This example uses the same data as in Example 2. Here we assume that the second component of the gradient is analytically known. Therefore only the first gradient component needs numerical approximation. The input value DD_SKIP of array element method[1] specifies that numerical differentiation with respect to \(y_2\) is skipped.

from numpy import *
from pyimsl.math.jacobian import jacobian, DD_ONE_SIDED, DD_SKIP
from pyimsl.math.writeMatrix import writeMatrix


def fcn(indx, y, f):
    a = 2500000.
    b = 3.4
    c = 4.5
    f[0] = a * exp(b * y[0]) + c * y[0] * y[1] * y[1]
    return


m = 1
n = 2
method = [0, 0]

y = [2.1, 3.2]
f = zeros(m, dtype=double)
fjac = zeros((m, n), dtype=double)
scale = [1.0, 8000.0]

# One-sided differences for fjac[0]:
method[0] = DD_ONE_SIDED
# Set method[1] to skip differencing for fjac[1]
# and initialize it to analytic derivative: */
method[1] = DD_SKIP
fjac[0][1] = 2.0 * 4.5 * y[0] * y[1]

# Get Gradient approximation:
jacobian(fcn, y, f, fjac,
         method=method, yscale=scale)

writeMatrix("The Jacobian is:", fjac,
            writeFormat="%14.5e")

Output

 
       The Jacobian is:
             1               2
   1.07221e+10     6.04800e+01

Example 4

This example uses the same data as in Example 2, computing the Jacobian (gradient) of the function:

\[f(y_1, y_2) = a exp(by_1) + cy_1y_2^2\]

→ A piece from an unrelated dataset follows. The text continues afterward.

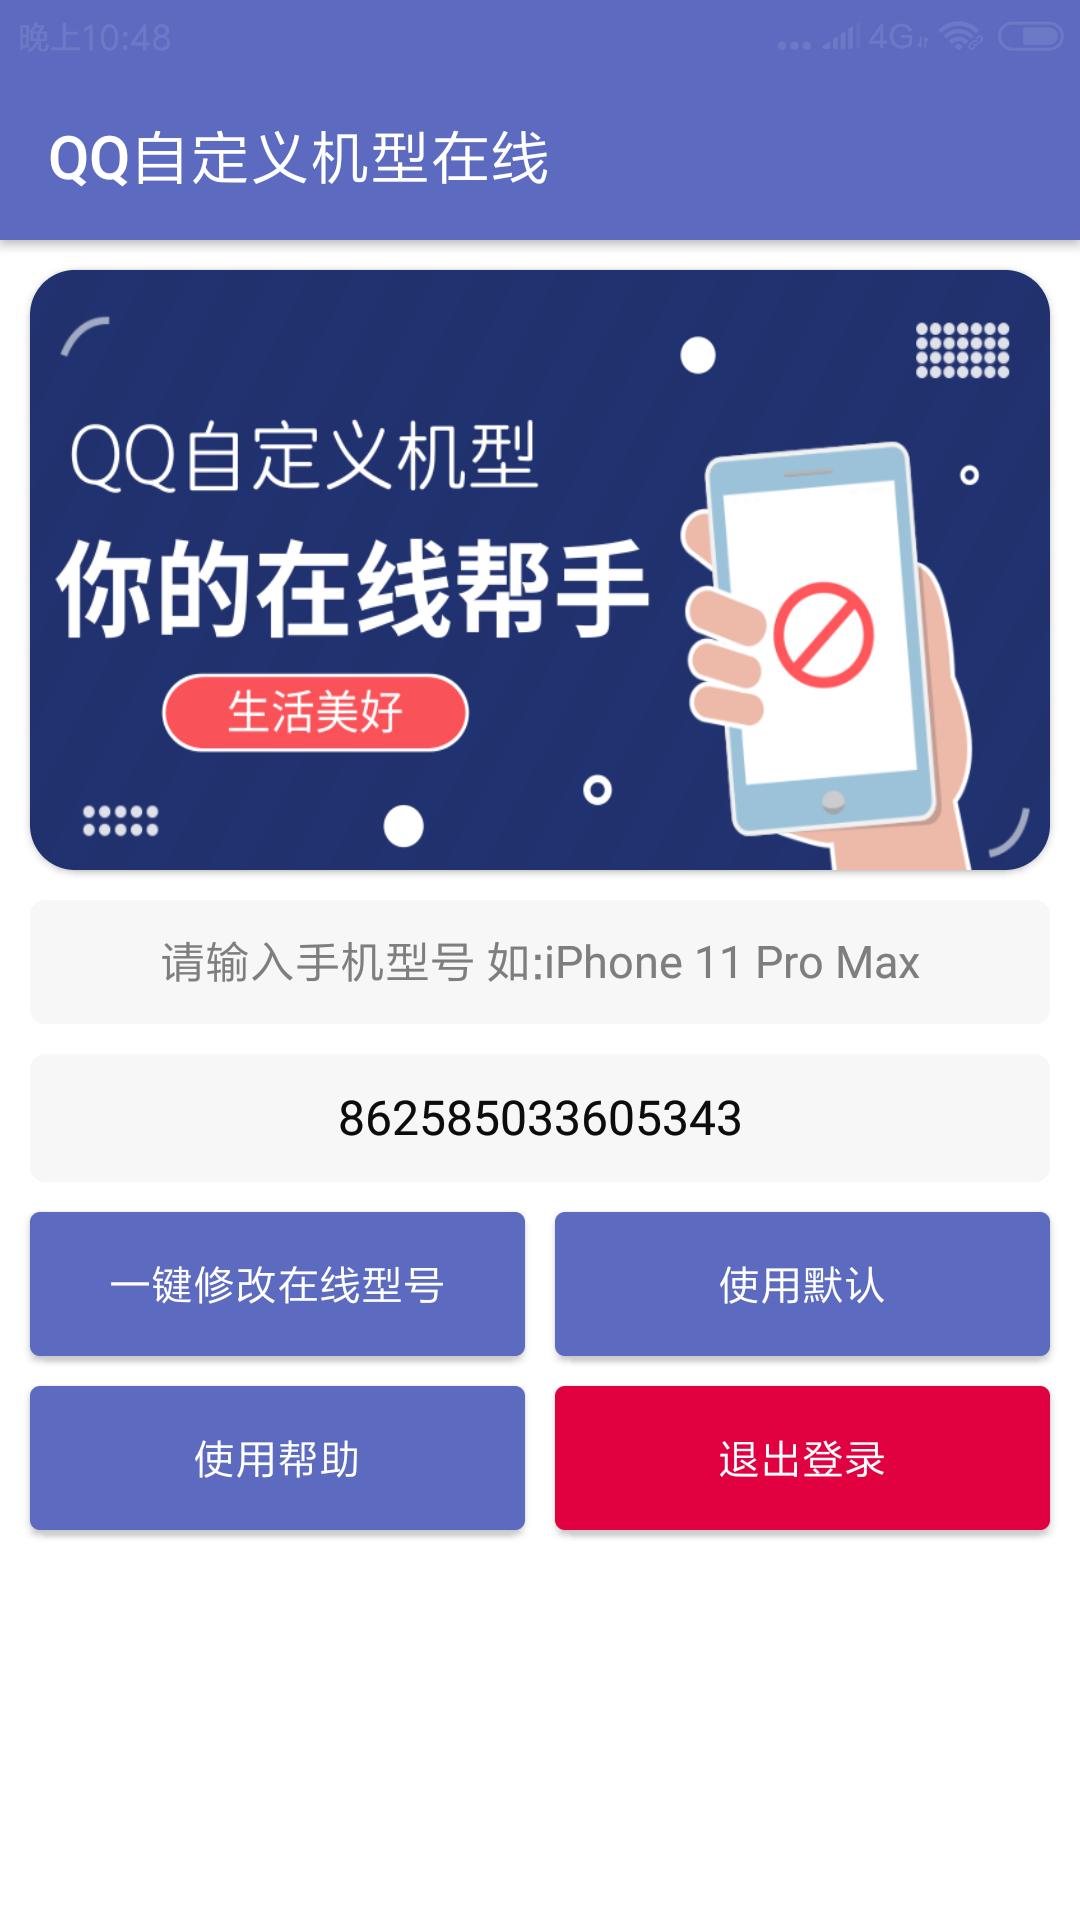 【分享】QQ自定义在线2.0-爱小助
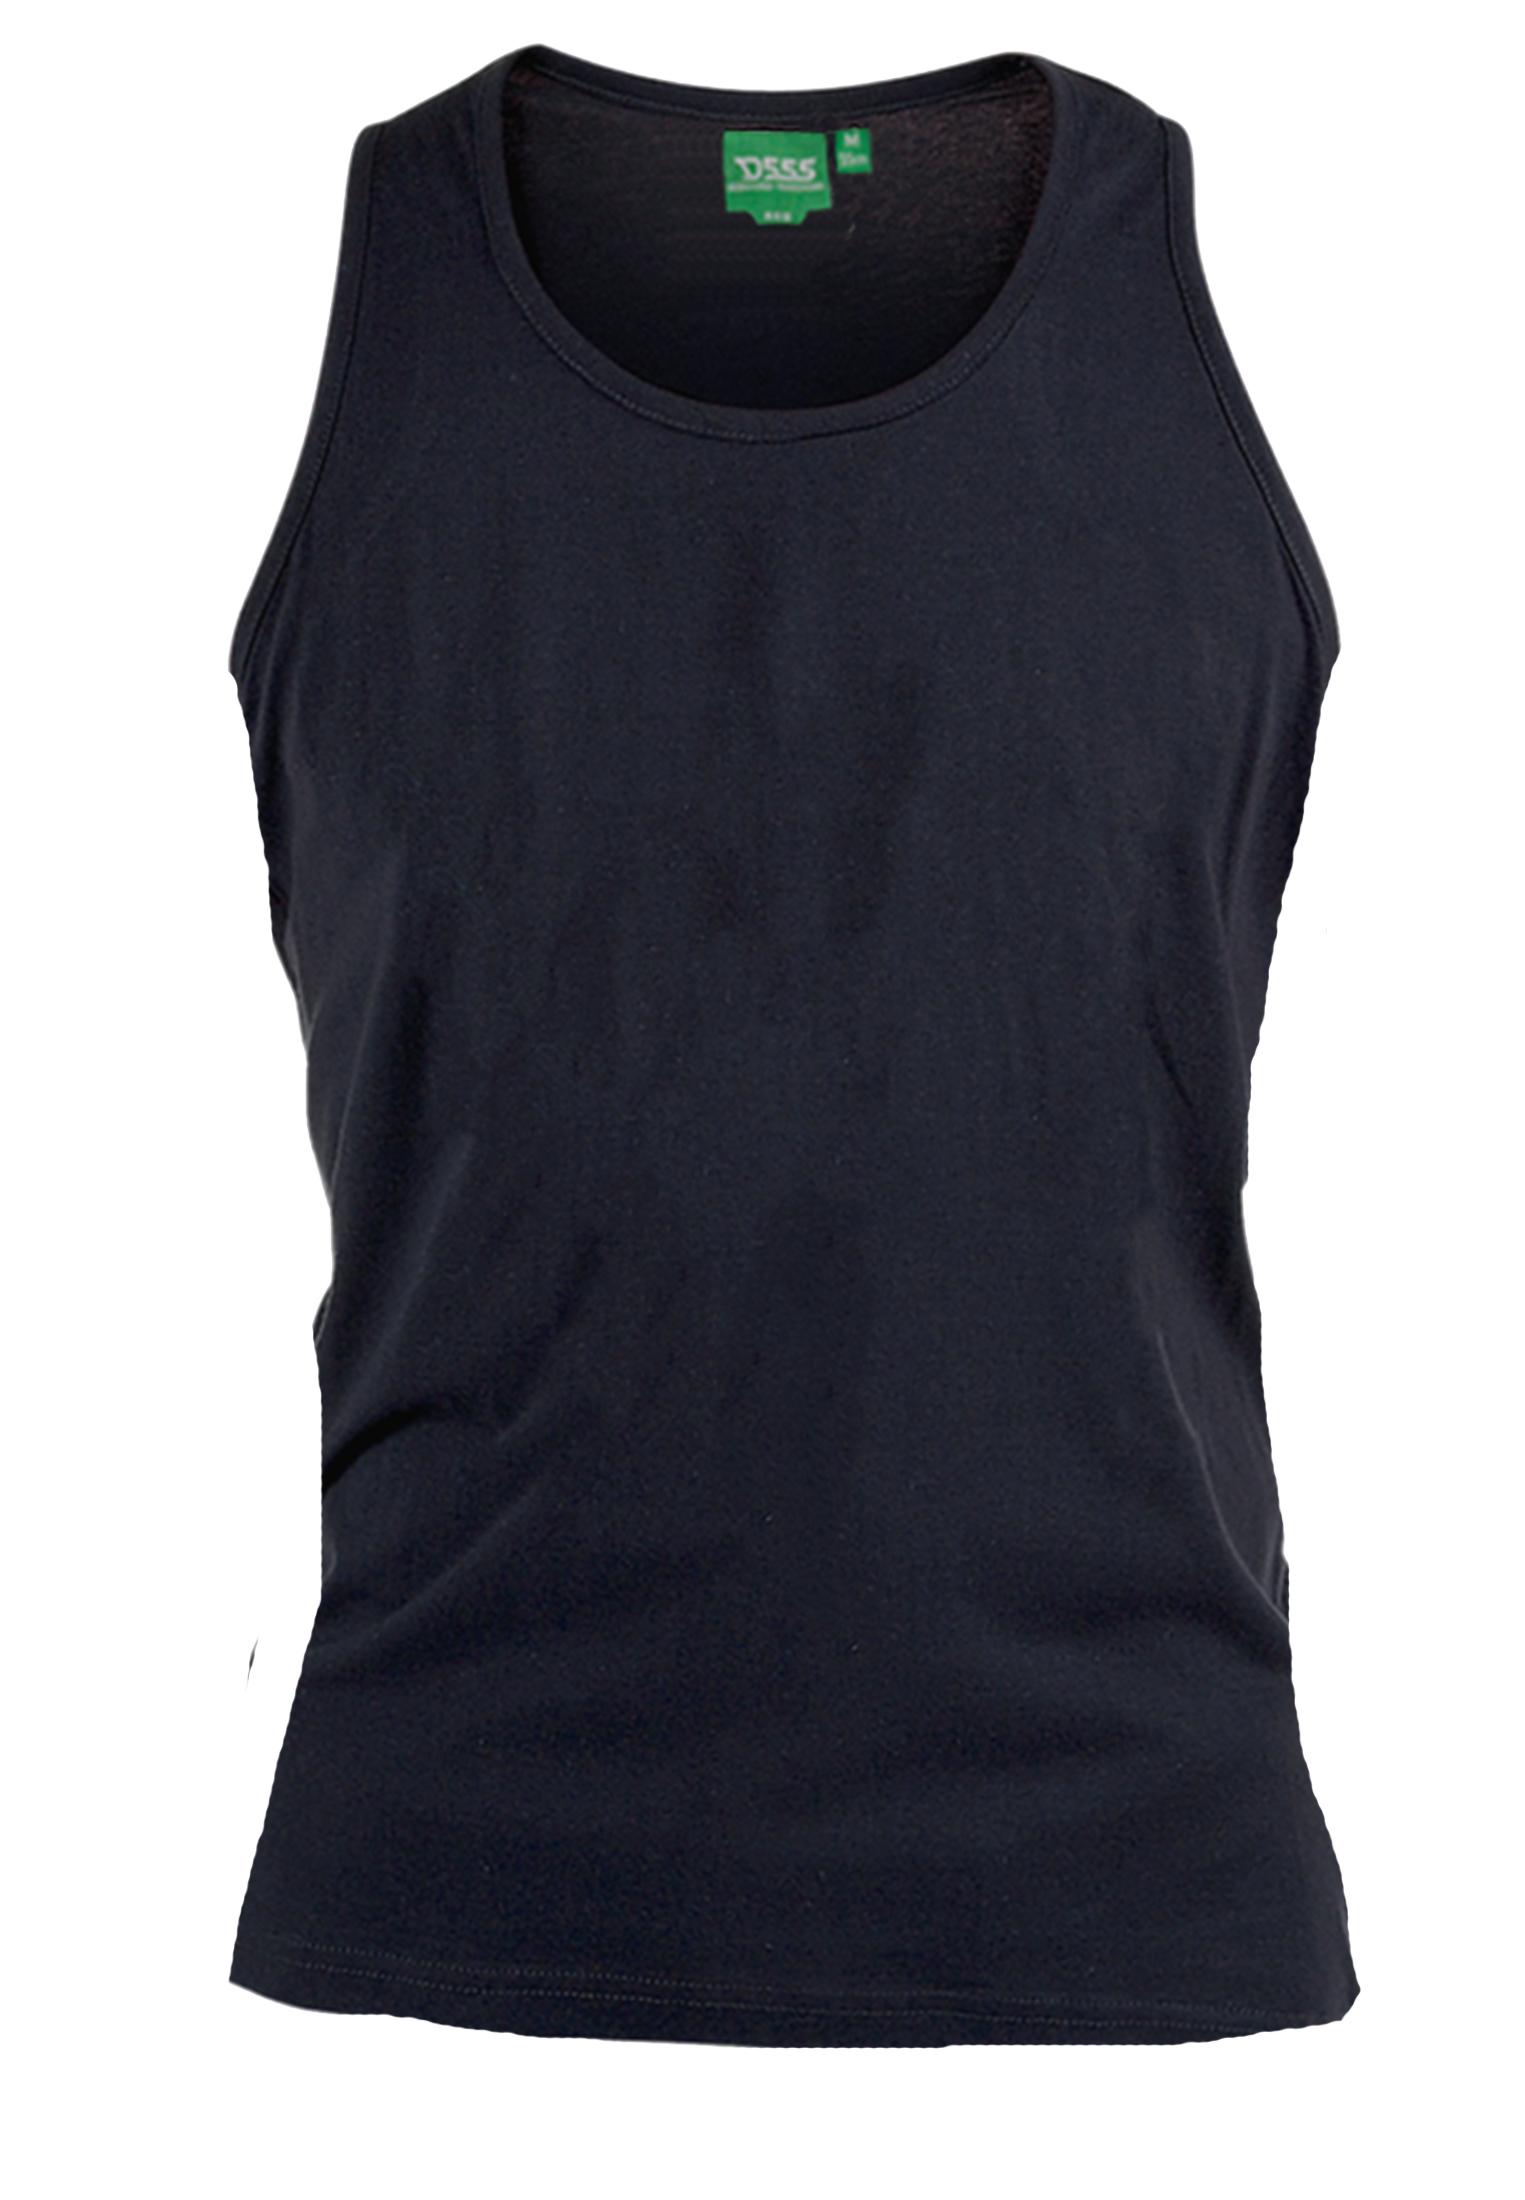 Basic effen tanktop van D555 met ronde hals. Zeer multifunctionele tanktop om te dragen, bijvoorbeeld onder overhemden, T-shirts en truien maar ook ideaal te dragen met de warme dagen, als loungewear of als pyjama shirt. LET OP! Het artikel valt ruim, dus u kunt gerust een maatje kleiner bestellen dan normaal.

For this example, the analytic derivative of the second term with respect to \(y_1\), \(cy_2^2\), is provided by the user (in the example, see case -1: within the user-provided function fcn). This leaves only the first term, \(a \exp(by_1)\), to be evaluated in order to use direct differencing to calculate the first partial (see case 1: within the user-provided function fcn). Also, since the first term does not depend on the second variable, \(y_2\), it can be left out of the function evaluation when computing the partial with respect to \(y_2\) using differencing methods, potentially avoiding cancellation errors (see case 2: within the user-provided function fcn). Since the code does not specify the analytic derivative with respect to \(y_2\) for either of the two terms of \(f(y_1,y_2)\), fcn returns f[0] set to 0 for case -2:. The use of optional argument accumulate thereby allows jacobian to use these facts to obtain greater accuracy using a minimum number of computations of the exponential function.

from numpy import *
from pyimsl.math.jacobian import jacobian, DD_ONE_SIDED, DD_SKIP
from pyimsl.math.writeMatrix import writeMatrix


def fcn(indx, y, f):
    a = 2500000.
    b = 3.4
    c = 4.5

    # Handle both the differenced part and the part that is
    # known analytically for each dependent variable:
    if indx == 1:
        f[0] = a * exp(b * y[0])
    elif indx == -1:
        f[0] = c * y[1] * y[1]
    elif indx == 2:
        f[0] = c * y[0] * y[1] * y[1]
    elif indx == -2:
        f[0] = 0.0
    return


m = 1
n = 2
y = [2.1, 3.2]
f = zeros(m, dtype=double)
fjac = zeros((m, n), dtype=double)
scale = [1.0, 8000.0]

"""
 Use optional argument accumulate so that the
 user can specify which function components are to be
 used for divided difference approximation of
 derivatives and which are to be replaced with exact
 analytically calculated derivatives. Both components
 are set to the default one-sided differences method.
"""
# Calculate and print Jacobian approximation:
jacobian(fcn, y, f, fjac,
         accumulate=True, yscale=scale)
writeMatrix("The Jacobian is:", fjac,
            writeFormat="%14.5e")

Output

 
       The Jacobian is:
             1               2
   1.07221e+10     6.04800e+01

Example 5

This example uses function boundedLeastSquares to solve the nonlinear least-squares problem:

\[\begin{split}\begin{array}{l} \min \tfrac{1}{2} \sum_{i=0}^{1} f_i(x)^2 \\ -2 \leq x_0 \leq 0.5 \\ -1 \leq x_1 \leq 2 \\ \end{array}\end{split}\]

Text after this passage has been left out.